Wednesday, January 28, 2015

Bail





Peachfuzz called Kitty from jail.
     “What? Where? What happened?” Kitty said. She was standing in the kitchen. Her mother sat at the table drinking hot Ovaltine and pretending to read a Woman’s Day magazine she’d brought over for Kitty.
     Kitty moved into the next room and shut the door, knowing her mother would be monumentally pissed by this simple, isolating action of ensuring privacy. Her mother didn’t like to be excluded from anything. She would act insulted.
     Kitty said, “So you’re in jail. What do you expect me to do about it?”
     Peachfuzz was crying and Kitty wished she could slap her through the phone. What a terrible time for this shit. Terrible.
     Peachfuzz’s sentences were punctuated with hitching, breathless sobs: “Can you come get me?...Huhn-huh...Please? Get me out of here! Huhn-huh...Can you? Please?”
     “Okay, calm down.”
     “...Huhn-huh...”
     “What were you arrested for?”
     “They said I was publicly intoxicated and resisted arrest... Huhn-huh. But I wasn’t. I didn’t.”
     “So what do you want me to do?” Kitty asked again.
     “Can you come and bail me out?
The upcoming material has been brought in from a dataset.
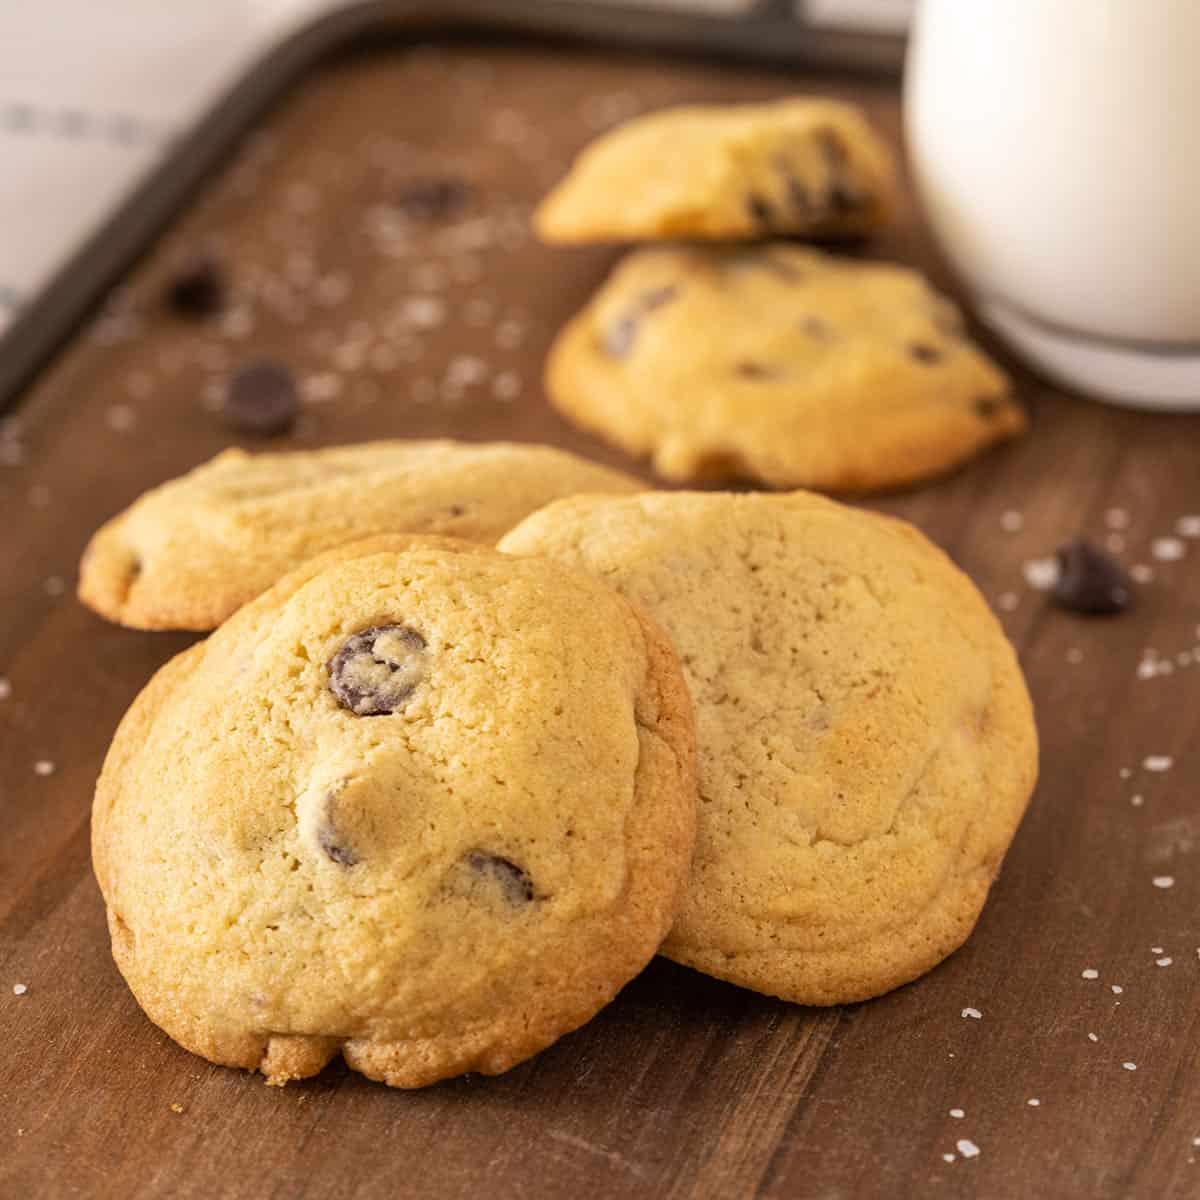 Chocolate chip cookies on a serving board with a glass of milk.

Can you bail me out and take me home?”
     “How much is bail?”
     “A thousand.”
     “Dollars?”
     “No, Spanish doubloons.”
     “Do you really want to be a wise-ass right now? Do you really want to test my patience at this critical juncture?”
     “Sorry, Kitty. But I’m scared!”
     “Calm down, Peach. Anyway, I don’t have that kind of cash. I’m sorry...”
     “But you haaaaaaaave to get me out of HERE!” Peachfuzz screamed and Kitty pulled the phone away from her ear.
     “Okay, okay, relax. Jesus. I’ll do the best I can. Where are you?”
     “Woonsocket. At the police station.”
     “Woonsocket. Were you dancing last night?”
     “Just get me out, Kitty!”
     “Okay. Sit tight.” She hung up the phone, went back into the kitchen.
     Her mother raised her gaze from the magazine and looked at Kitty with a knowing smile on her sideways, stroke-mouth.
     “Whull what issit nis tine?”
     “Um. Mom? Could I borrow five hundred dollars? It’s kind of an emergency.”
     Her mom’s smug smile turned into a lopsided grin.
     Oh shit.

Later that afternoon, Kitty walked Peachfuzz out of the police station. She was still crying and hanging onto Kitty as if unable to stand on her own. Seeing her this way humbled Kitty’s heart. Peachfuzz’s hair was oily and flat, her makeup smudged and streaked. Her bottom lip was swollen and a scrape on her chin had dried to a tough, rust-colored scab. Her T-shirt was torn in several places, the knees of her jeans spotted with dark, ground-in dirt.
     What the hell had happened to her?
     “What the hell happened to you?”
     Peachfuzz had curled up in the backseat. “I can’t ride up front now,” she’d insisted. Her knees were pulled up to her chest, her eyes closed. She’d finally stopped crying, but sucked up a sniffle every couple of minutes. Her guilt and shame were a third presence in the car.
     “I don’t want to talk about it,” she said.
     “Peach, I just spent a thousand dollars on your ass. Do you know what I had to do to get that money? I won’t go into it but it was a lot. I think you at least owe me an explanation.”
     “Where’d you get the money?”
     “I drained my savings account for some - so long rent money - and borrowed the rest from my mother.”
     “Oh shit. Your mother...”
     “Yeah. I know. See?”
     “Thanks, Kitty. I’ll pay you back. I promise.”
     “Damn straight you will. But first you’re gonna tell me what the fuck happened to you last night.”
     “I feel sick.”
     “Peachfuzz. Spill it.”
     Peachfuzz whooshed out a long, weighted sigh. “One of the customers tried to rape me.”
     “What? Where?”
     “At the Pink Lady. In the parking lot.”
     “You got into his car?”
     “...”
     “I said, you got into his car?”
     “Yeah, but...”
     “So you were turning tricks again. You got into a strange man’s car and he attacked you.”
     “Well, yeah but no...”
     “But nothing. What did I tell you? Didn’t I say how dangerous that was? To do that? You know how many psychos hang out at that place?”
     “Yeah, but he wasn’t a stranger. He was one of the regulars. Ray. He seemed like such a nice guy. Just a sweet, lonely guy.”
     “You know what? If I’d known you got busted for turning tricks I never would have bailed you out.”
     Peachfuzz started sobbing again.
     “Oh shut up.”

Friday, January 16, 2015

Quarantine



I run into my friend Tommy at Subway and ask him about our mutual friend, Gary, whose sorry-ass I haven’t seen in a while.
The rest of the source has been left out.